While the January 14 ruling from the U.S. Court of Appeals for the First Circuit was a victory for direct shipping advocates, steep obstacles remain for direct interstate wine shipping in Massachusetts, including a provision requiring transporters to hold a permit for each delivery vehicle. This stipulation has kept major shipping companies such as FedEx and UPS away from the direct shipping business in Massachusetts. The state’s customer aggregate volume limit also limits the delivery of wine to 240 liters, or 320 750-ml bottles, per consumer from all wineries nationwide. This provision discourages wineries because it requires them to keep track of how much wine a consumer has purchased from all wineries. Violating this provision could lead to stiff fines and the loss of shipping rights.
Since there are no large wineries in Massachusetts (all produce less than 30,000 gallons, or approximately 12,667 nine-liter cases, per year), the appellate court determined the law unfairly favored in-state wineries and discriminated against out-of-state wineries. The court’s ruling echoes the Supreme Court’s (Granholm v. Heald) 2005 landmark decision that the 21st Amendment does not shield state alcohol laws that protect in-state over out-of-state interests. Under that landmark High Court ruling, states must have the same laws for out-of-state businesses as they do for in-state businesses. The appellate court’s ruling determined that Massachusetts’ law, which had been adopted in response to the Supreme Court ruling, gave advantages to in-state wineries and created significant burdens for out-state-wineries.

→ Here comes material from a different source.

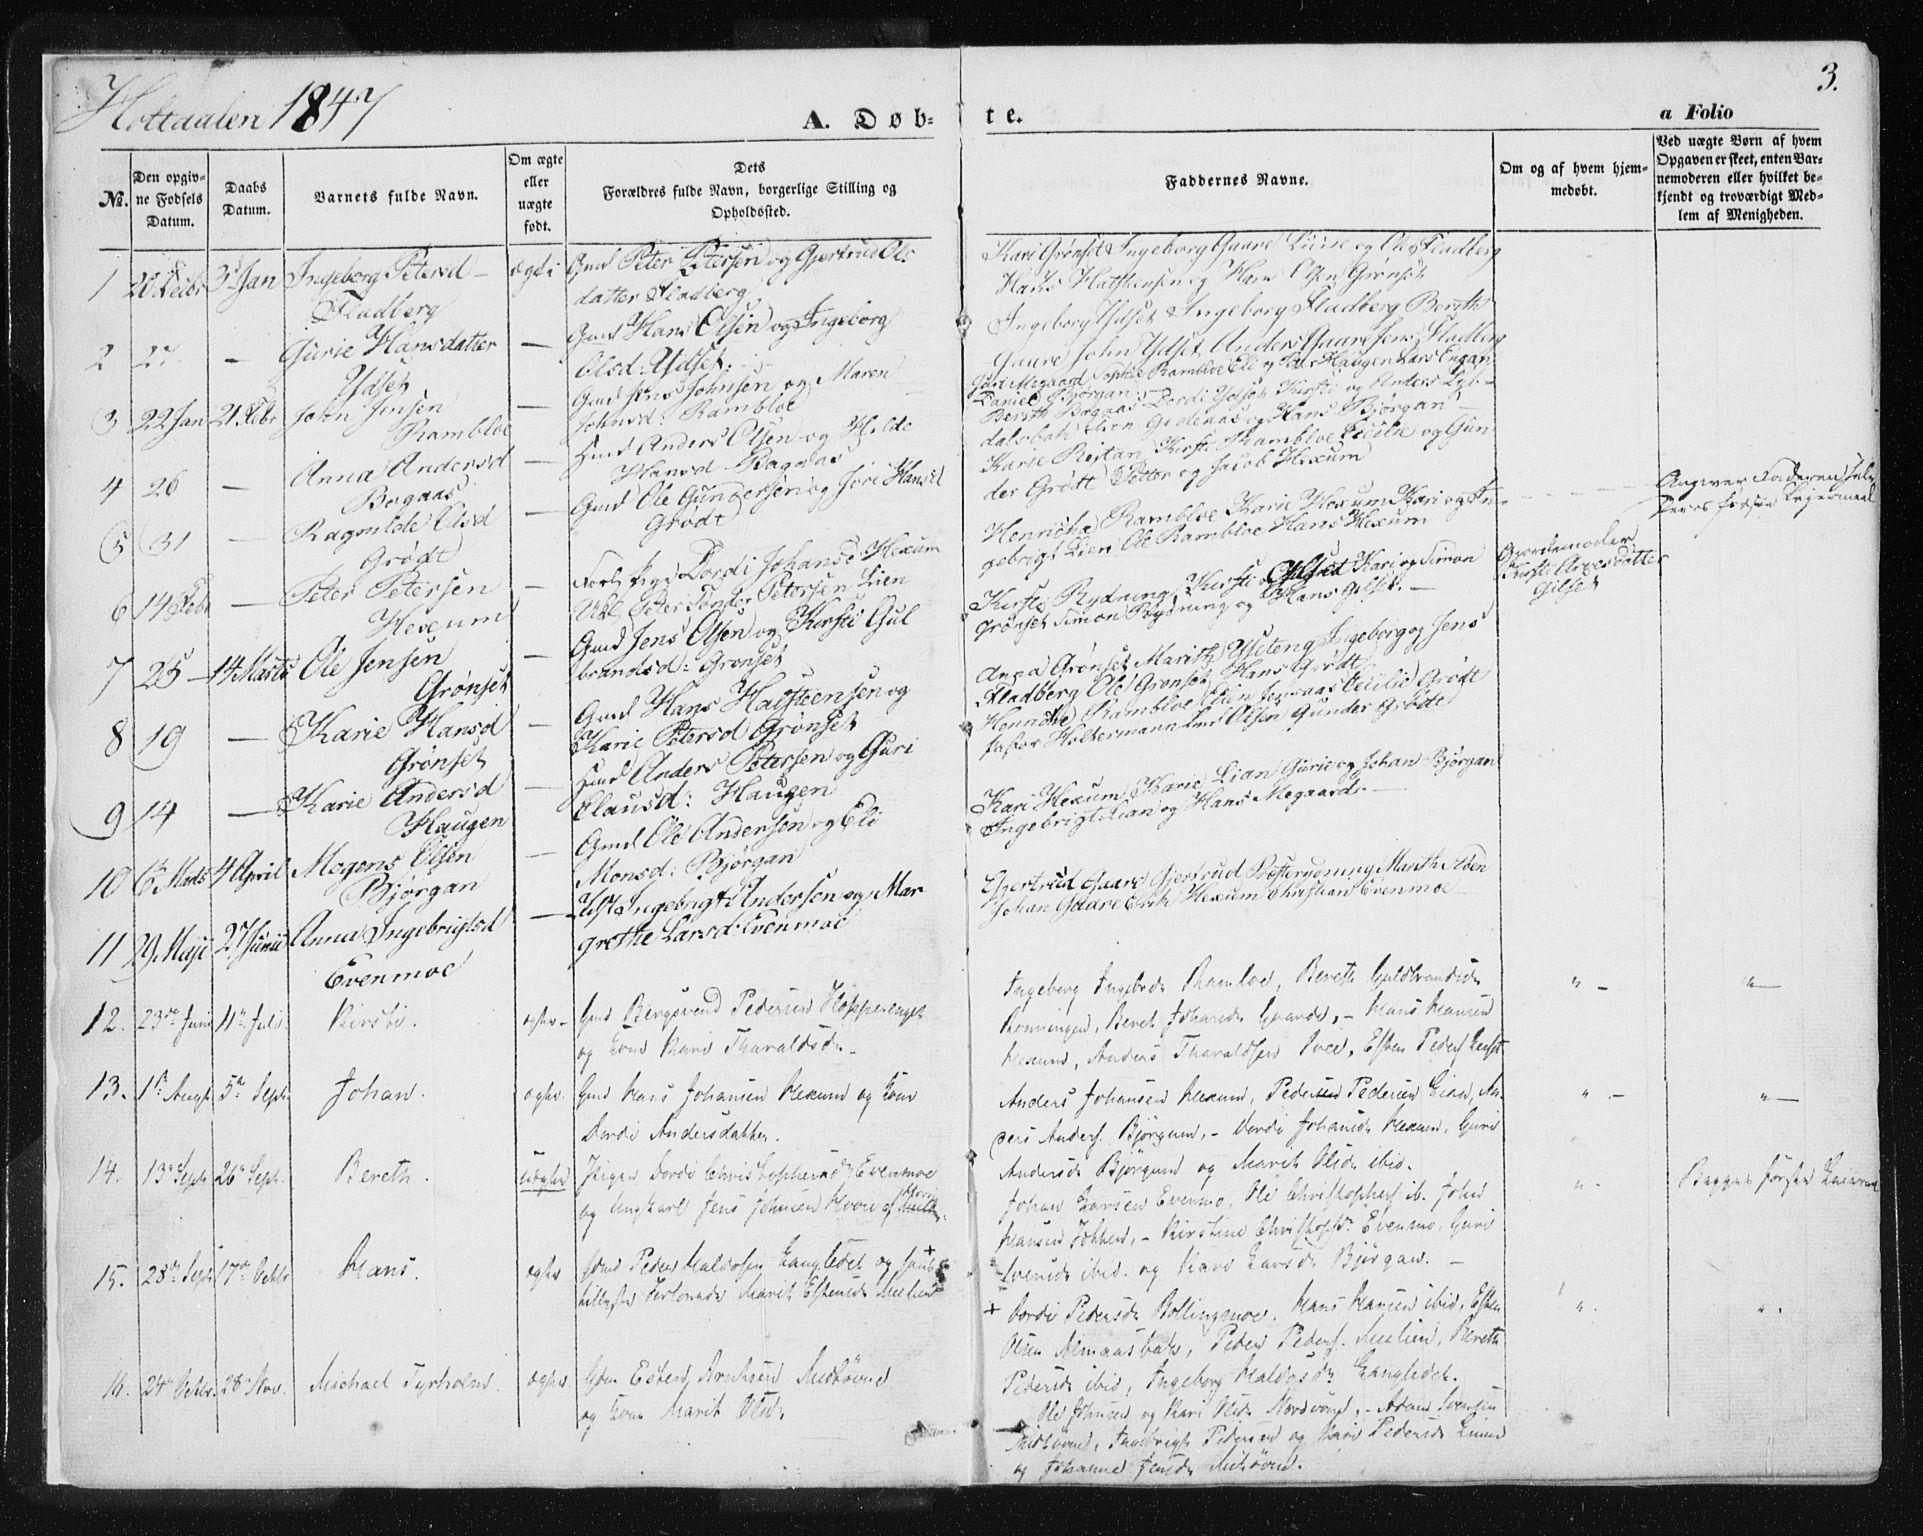 SAT, Ministerialprotokoller, klokkerbøker og fødselsregistre - Sør-Trøndelag, 685/L0963: Ministerialbok nr. 685A06 /1, 1846-1859, s. 3

The Family Winemakers of California filed the lawsuit in September 2006 against the Massachusetts Alcoholic Beverages Control Commission. In November 2008, a District Court ruled the state statute violated the Constitution’s Commerce Clause and discriminated against interstate commerce. Massachusetts officials appealed that decision.
The Massachusetts Attorney Generals Office is reviewing the recent decision and has 14 days if it wants to file for a rehearing before the full First Circuit, rather than the three-judge panel that heard the recent appeal. The Attorney General also has 90 days if it wants to file a Cert petition with the US Supreme Court to consider the case.